O autoconhecimento e a psicoeducação: entender sua história de vida e o porquê de


agir da maneira como age é essencial para se estabelecer como você irá mais facilmente
enfrentar e vencer o problema. Há pessoas que são mais receosas que o normal, “ruminam”
preocupações improdutivas; outras se cobram em excesso, são muito perfeccionistas; outras
podem ser tímidas e temer uma má avaliação; outras, por sua vez, podem ser desorganizadas;
outras, ainda, podem ter dificuldade para controlar os próprios impulsos e se entregar aos
prazeres imediatos. Como vimos, há muitos motivos que podem levar uma pessoa a
procrastinar.

Identificar e questionar os pensamentos sabotadores: Lembre-se que os seus


pensamentos possuem um papel fundamental em suas respostas emocionais e
comportamentais. Poderá ativamente identificá-los, questioná-los e até mesmo mudá-los, caso
sejam pensamentos distorcidos (não realistas, pouco úteis, não pragmáticos). No decorrer do
tratamento, você aprenderá a reestruturar esses pensamentos disfuncionais, respondendo de
maneira mais adaptativa quando confrontado com essas situações.
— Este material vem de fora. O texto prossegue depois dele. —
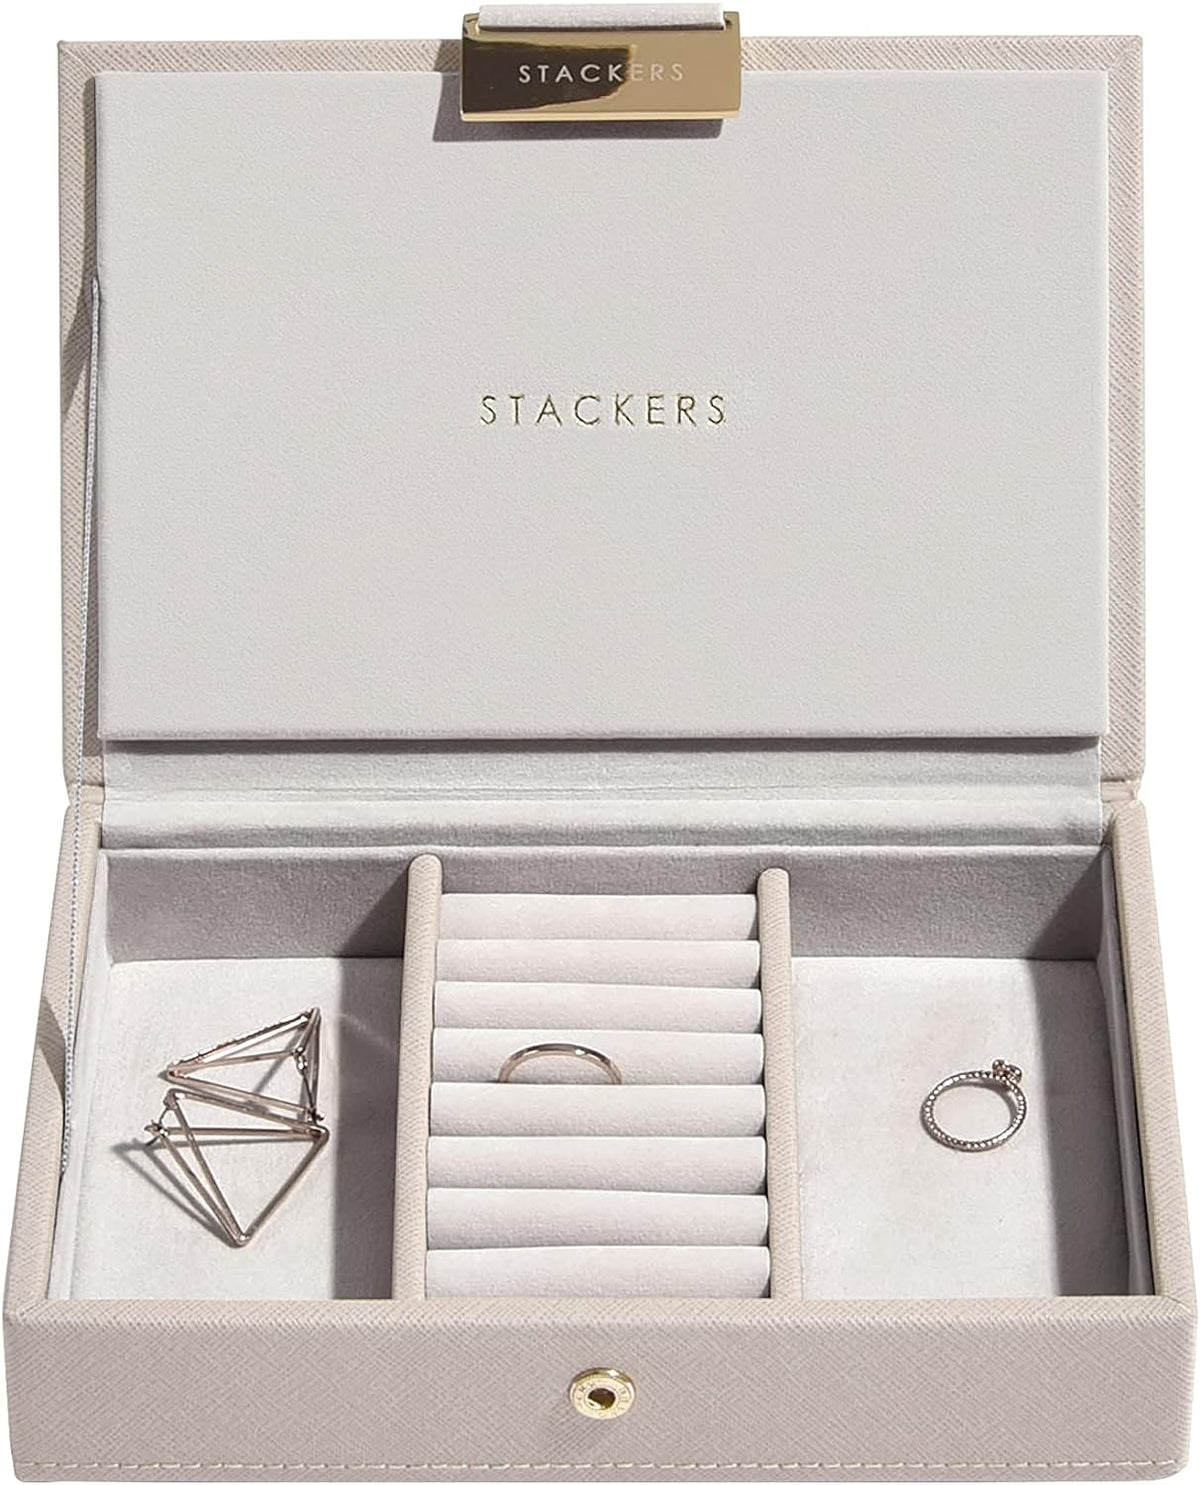 Stackers Taupe Mini Jewellery Box Lid

Ativação comportamental: Muitas pessoas tendem a esperar surgir uma certa vontade
para então darem início a algum comportamento, porém a verdade é que nos motivamos à
medida que agimos. Quantas vezes você procrastinou por achar uma tarefa difícil e sem graça,
mas, depois que começou a fazer, percebeu que, na realidade, não era aquele “bicho de sete
cabeças” e até teve algum prazer enquanto fazia? Pois é, ao longo do tratamento você
também irá aprender a como se engajar nessas tarefas e por onde começar.
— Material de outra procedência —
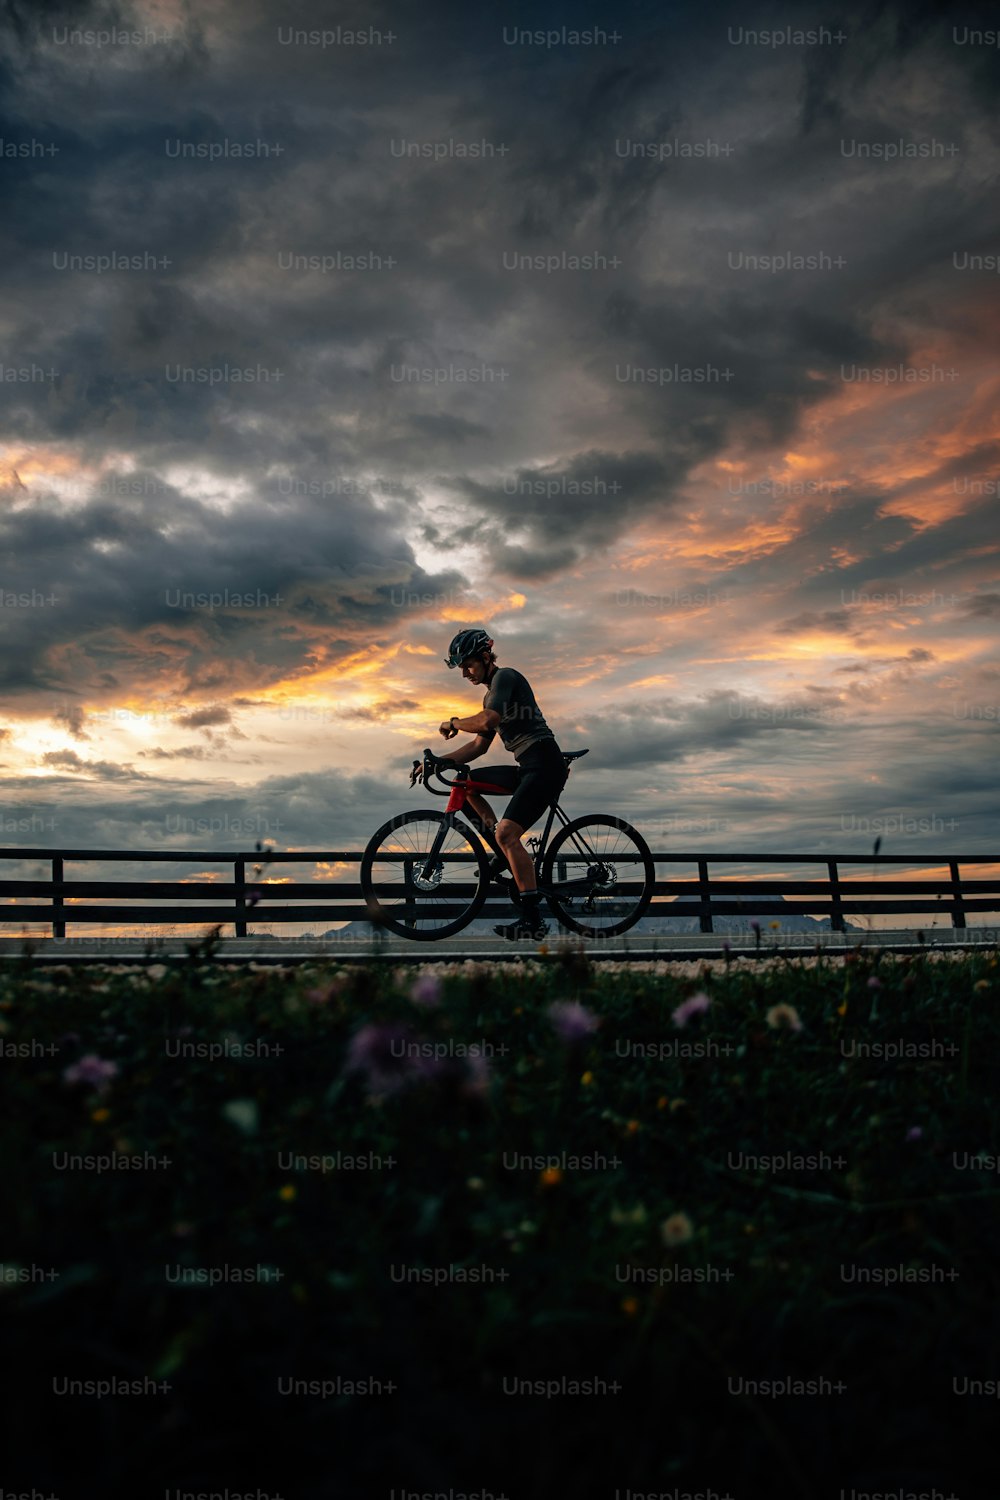 a man riding a bike down a road under a cloudy sky

Regular suas emoções: Como vimos, a falta de habilidade em lidar com as próprias
emoções é um dos principais fatores que envolvem a procrastinação. Ao contrário de tentar
evitá-las (esquiva emocional através de alienação ou compulsões), temos que aprender com
elas, entendê-las e aceitá-las. Não é uma tarefa fácil, mas o seu terapeuta poderá ajudá-lo a
desenvolver essa habilidade. Lembrando que o enfrentamento de situações que geram
sentimentos desconfortáveis acontecerá de uma forma preparada e gradual.

Será que vou conseguir?


Mesmo sendo um problema muito frequente, ainda há pouco entendimento acerca
da procrastinação, muitas vezes sendo vista de forma trivial ou com “maus olhos”. Não é raro
que as pessoas que tendem a procrastinar sejam recorrentemente chamadas de preguiçosas,
desinteressadas ou irresponsáveis. Na realidade, esses rótulos só aumentam ainda mais a
pressão por resultados, pois, como vimos anteriormente, muito do comportamento
procrastinatório está associado a pensamentos negativos sobre si e sobre os outros.
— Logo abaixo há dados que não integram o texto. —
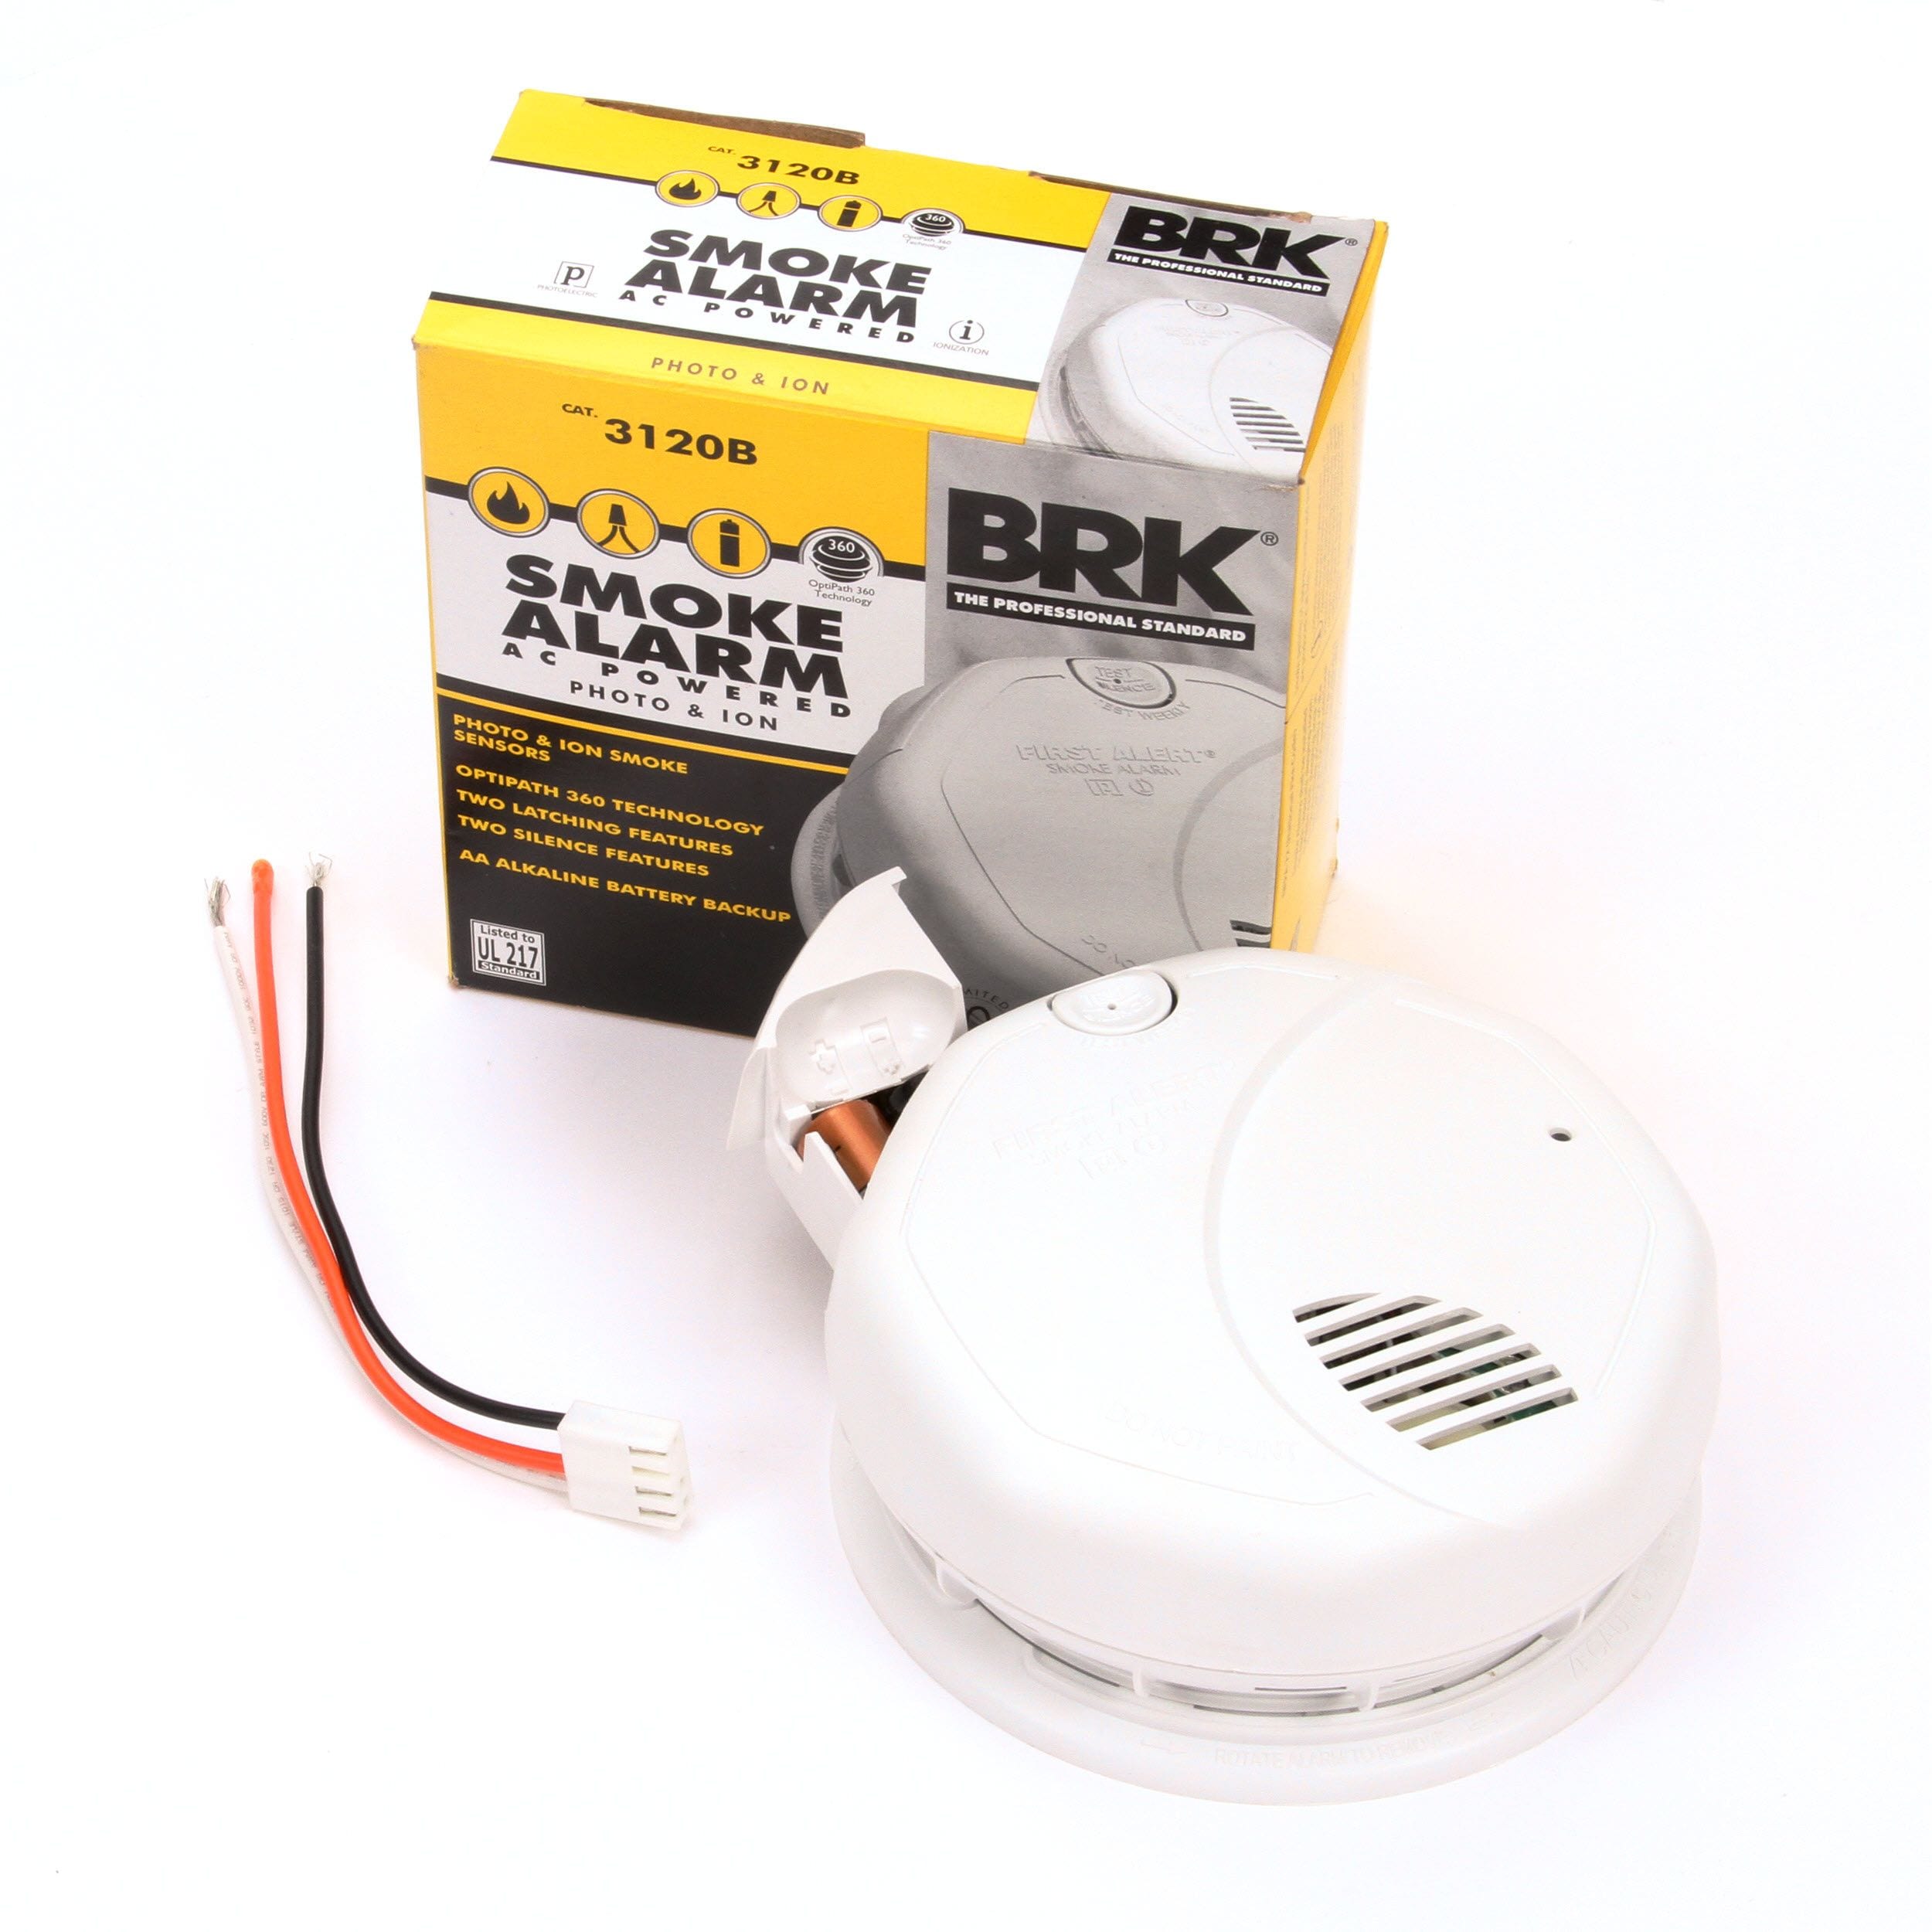 BRK Smoke Alarm AC Powered Photo & Ion Smoke Sensors Item# CAT3120B

Também vimos que mesmo possa parecer difícil lidar com a procrastinação, há
alternativas viáveis para se enfrentar e vencer o problema. Muitos indivíduos conseguem
superar seus obstáculos. Como vimos durante este texto, é preciso “nadar contra a maré”. Não
procrastine a busca por ajuda, a busca por mais informações, a busca por tratamento!

Você pode estar achando que será difícil parar de procrastinar, mas pense
rapidamente em todas as dificuldades que você conseguiu superar ao longo de sua vida,
apesar da sua recorrente procrastinação. Todos os projetos que conseguiu conduzir, apesar
das dificuldades, com início, meio e fim.

Além do mais, se você está lendo esse texto é porque já está engajado, de certa forma,
na mudança. Lembre-se também de que a procrastinação é um hábito e, como qualquer
hábito, pode ser mudado! Não será uma tarefa fácil, pois haverá desconforto. Um hábito que
nos acompanha ao longo de uma vida não se muda de um dia para outro, mas você pode
procurar procrastinar menos hoje do que ontem e fazer isso a cada dia. Assim, colherá
inevitavelmente os frutos de seu esforço.